WHAT IS REQUIRED
Reproduce, exactly and only, the lines of the data that follows from the one containing "Airbus A220-300 Commercial" down to the one containing "Pinterest Visual Search results", without pictures.

RAW DATA
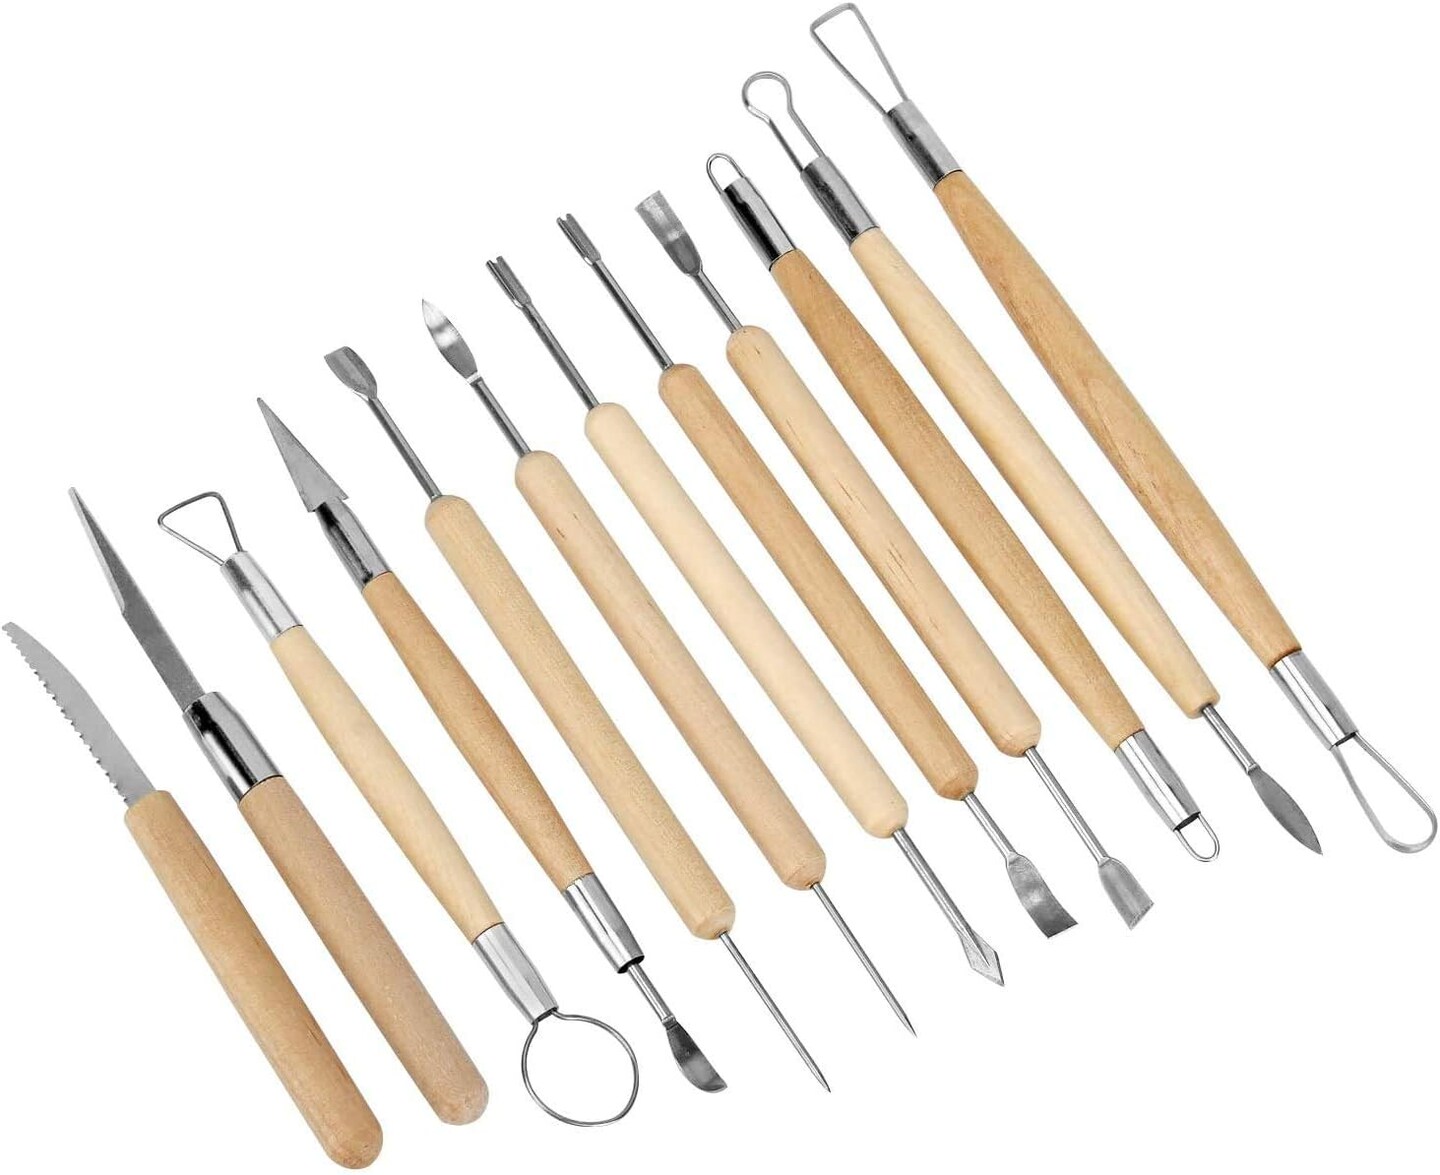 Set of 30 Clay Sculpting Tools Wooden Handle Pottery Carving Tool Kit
* * *
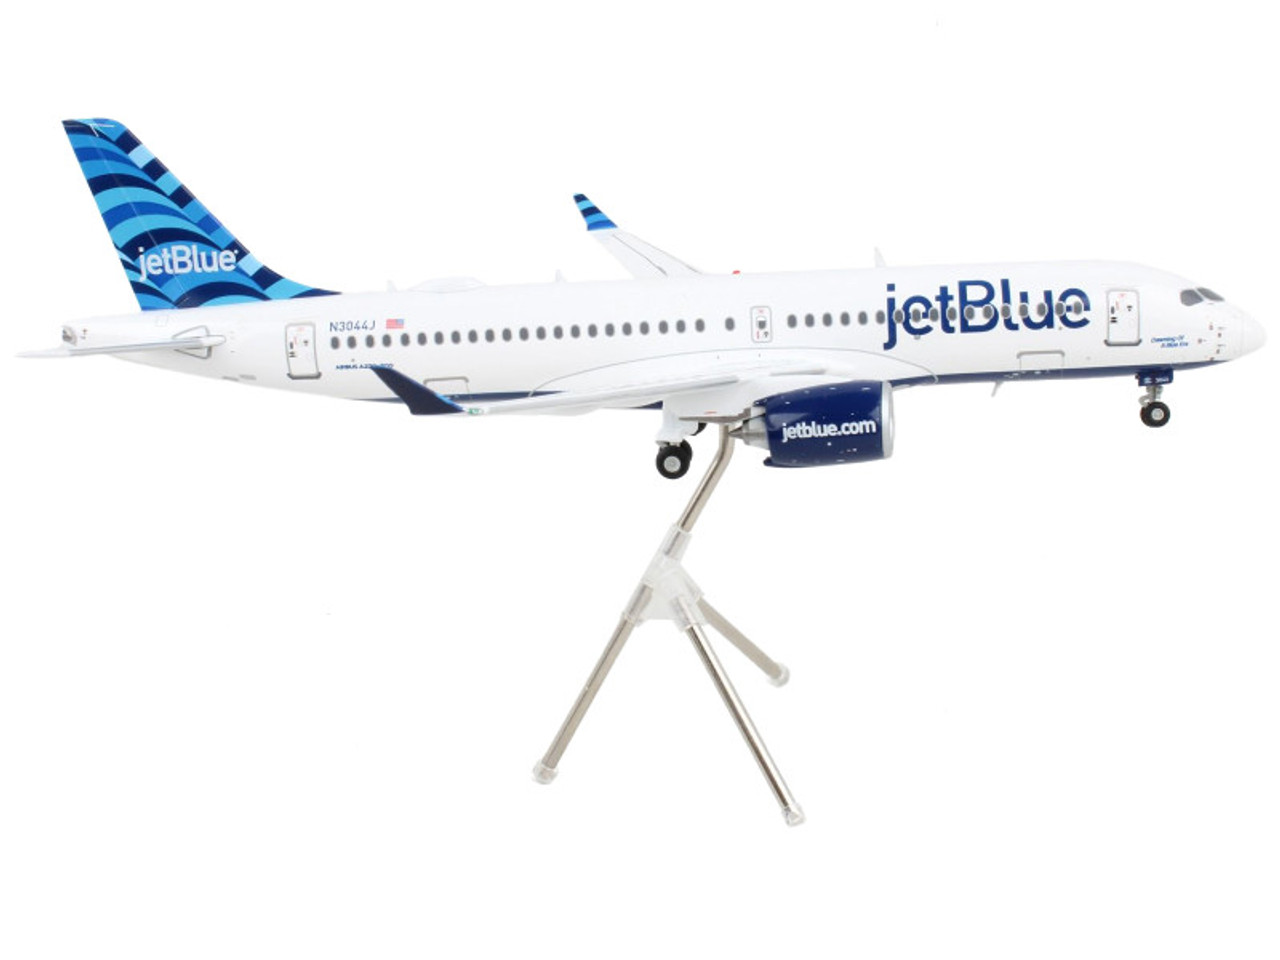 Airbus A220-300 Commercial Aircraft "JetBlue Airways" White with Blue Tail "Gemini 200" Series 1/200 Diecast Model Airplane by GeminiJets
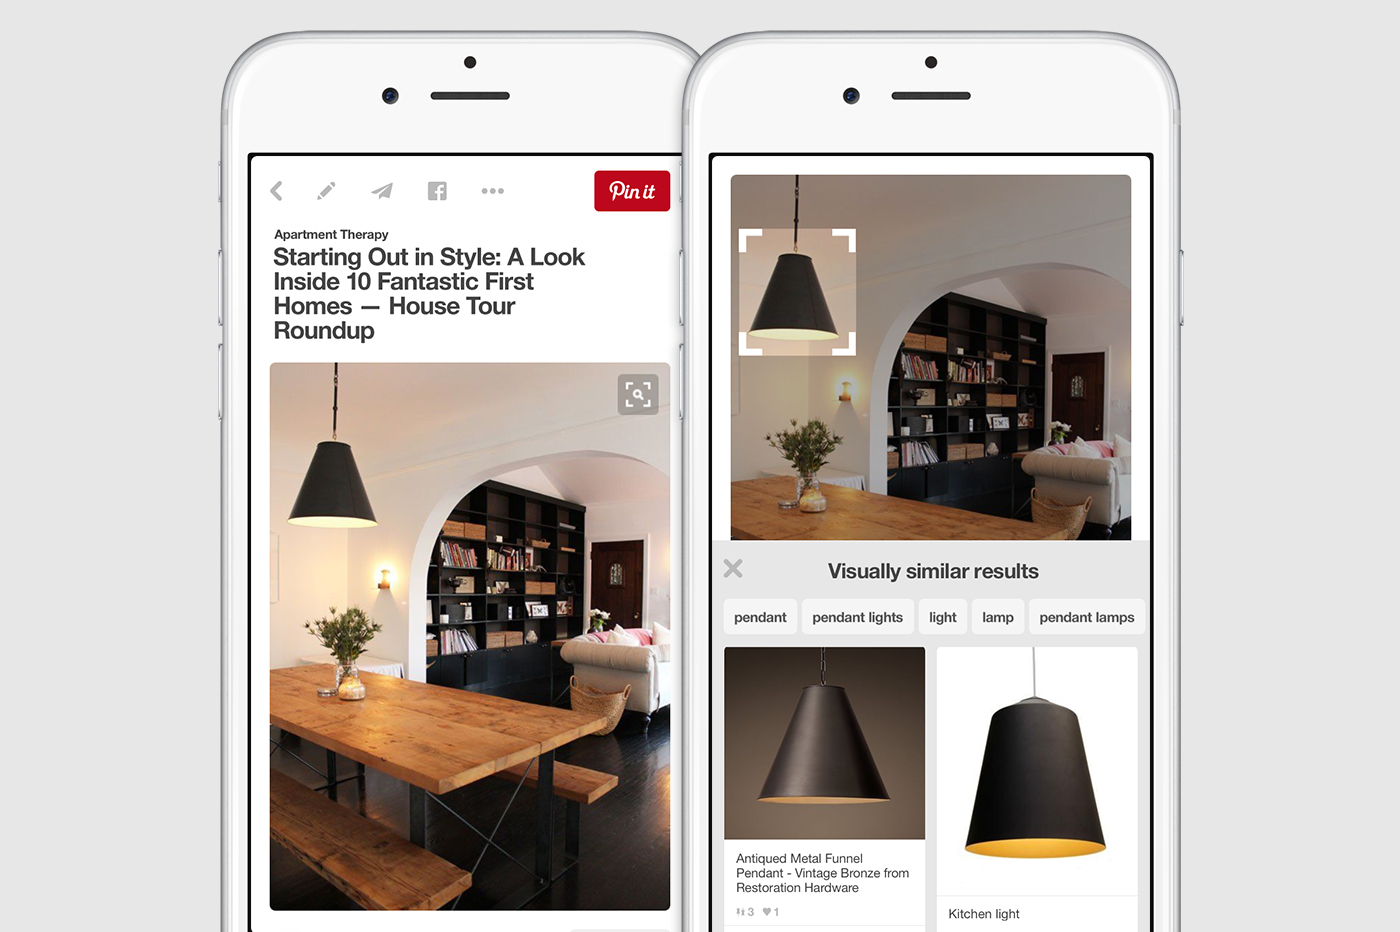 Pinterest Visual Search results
...
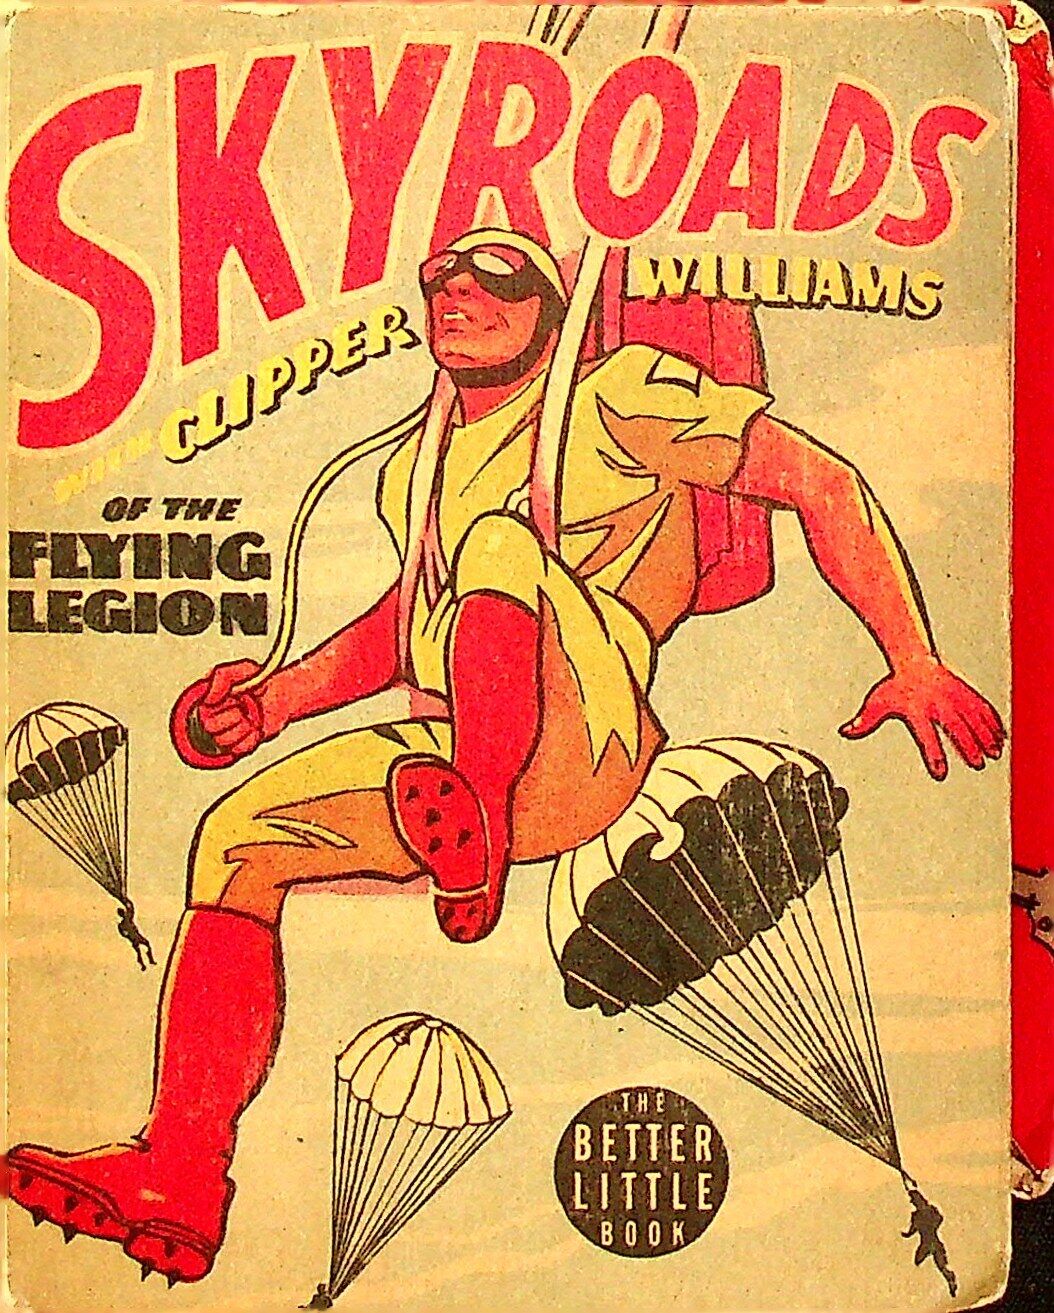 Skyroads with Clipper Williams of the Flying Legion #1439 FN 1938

SOLUTION
 Airbus A220-300 Commercial Aircraft "JetBlue Airways" White with Blue Tail "Gemini 200" Series 1/200 Diecast Model Airplane by GeminiJets
 Pinterest Visual Search results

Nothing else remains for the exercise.